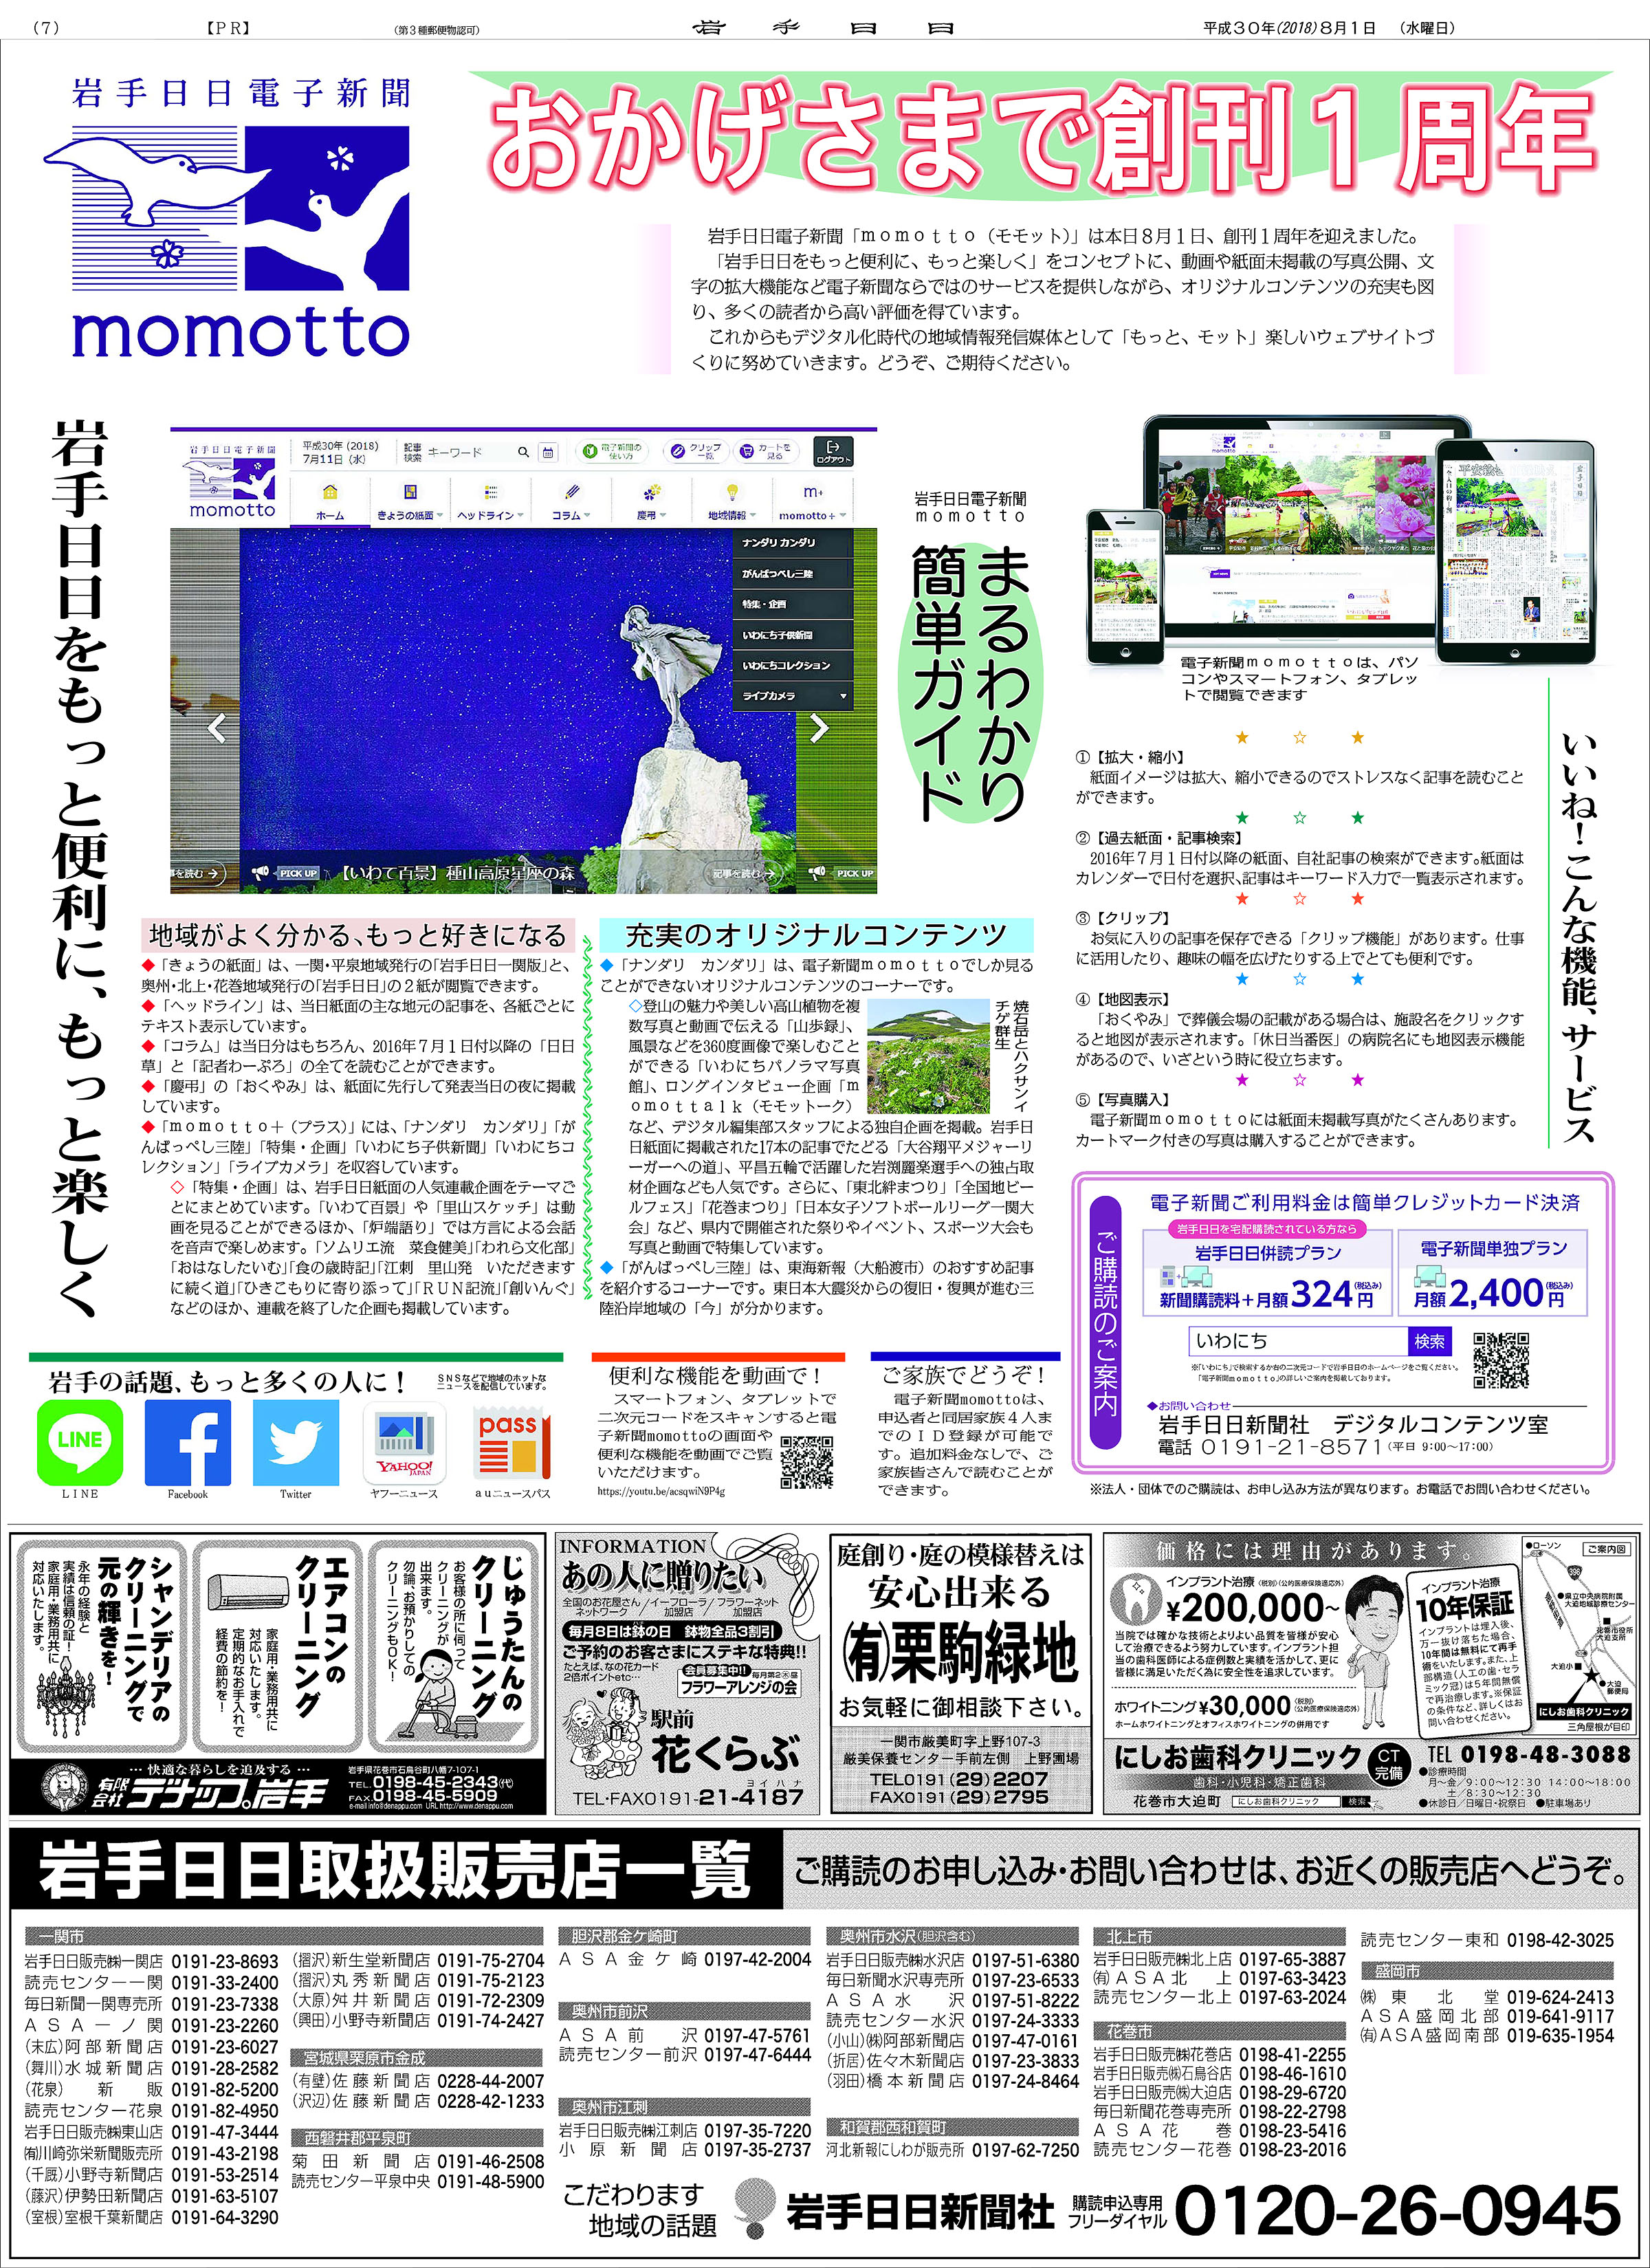 【PR】岩手日日電子新聞momotto
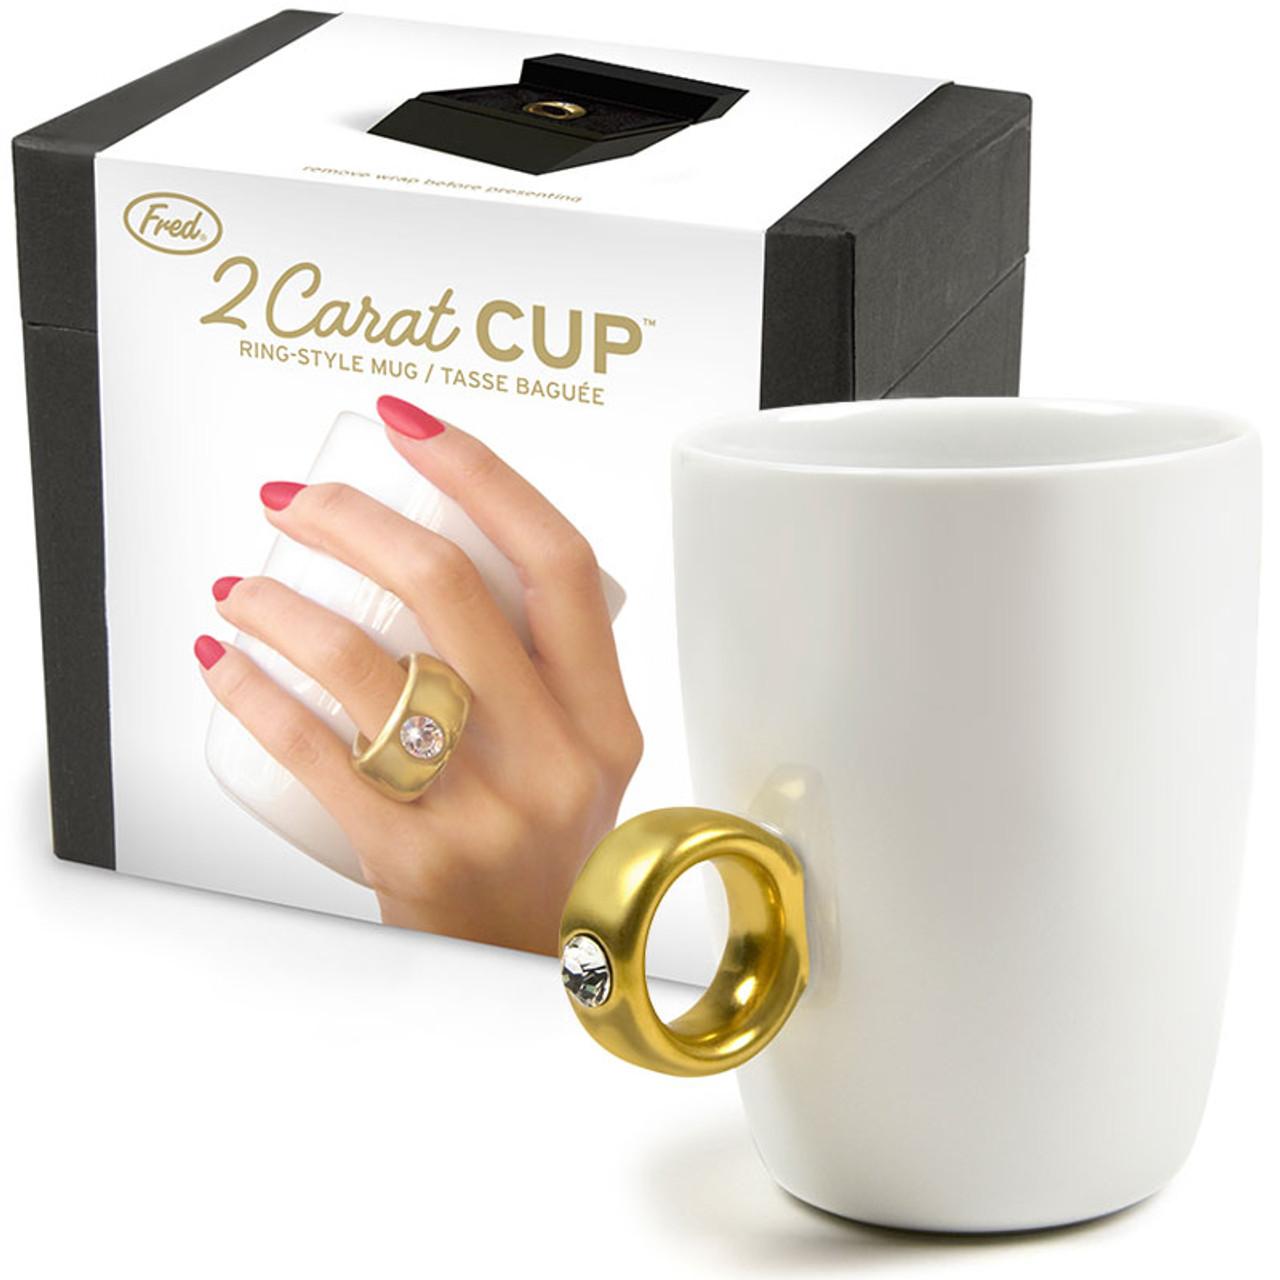 2 Carat Cup
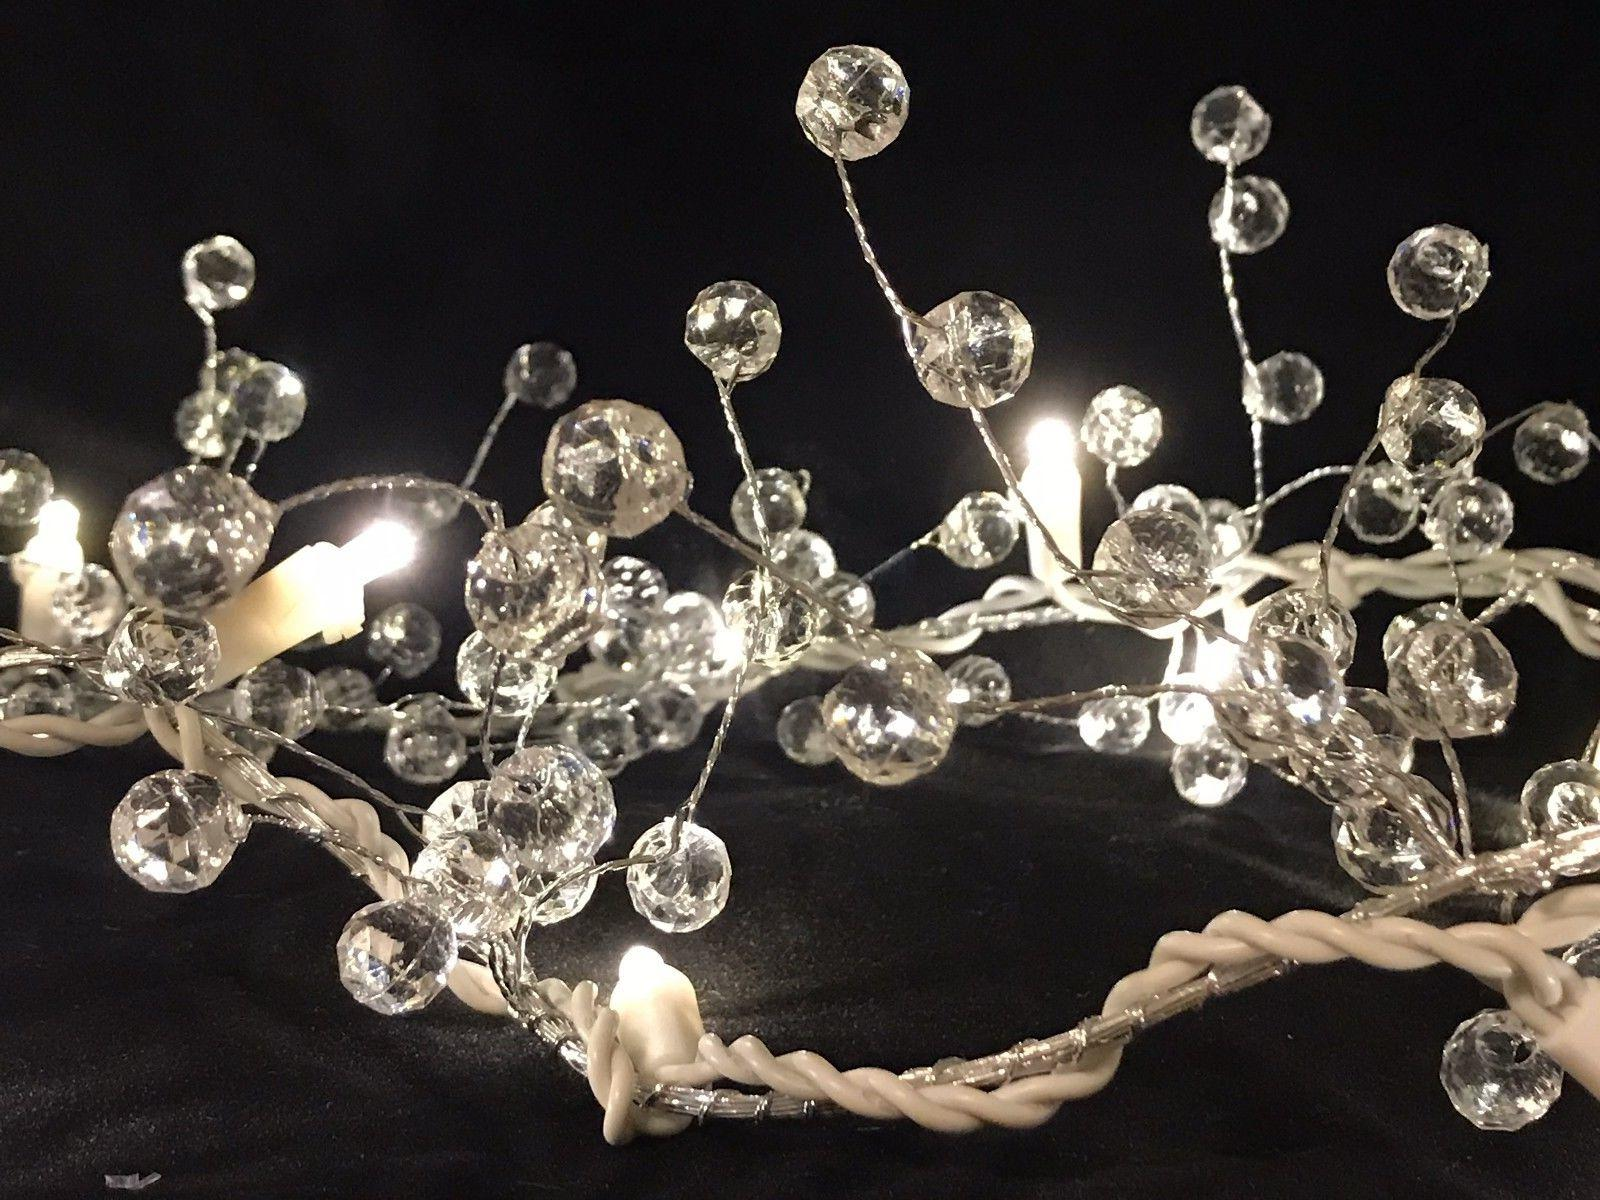 6ft Beaded Acrylic Garland String Light Seasonal Lighting Ev

#### WHAT THE TASK ASKS:
Quote the material word for word, dropping any images it holds.

#### SOLUTION TO THIS EXERCISE:
 【PR】岩手日日電子新聞momotto
 2 Carat Cup
 6ft Beaded Acrylic Garland String Light Seasonal Lighting Ev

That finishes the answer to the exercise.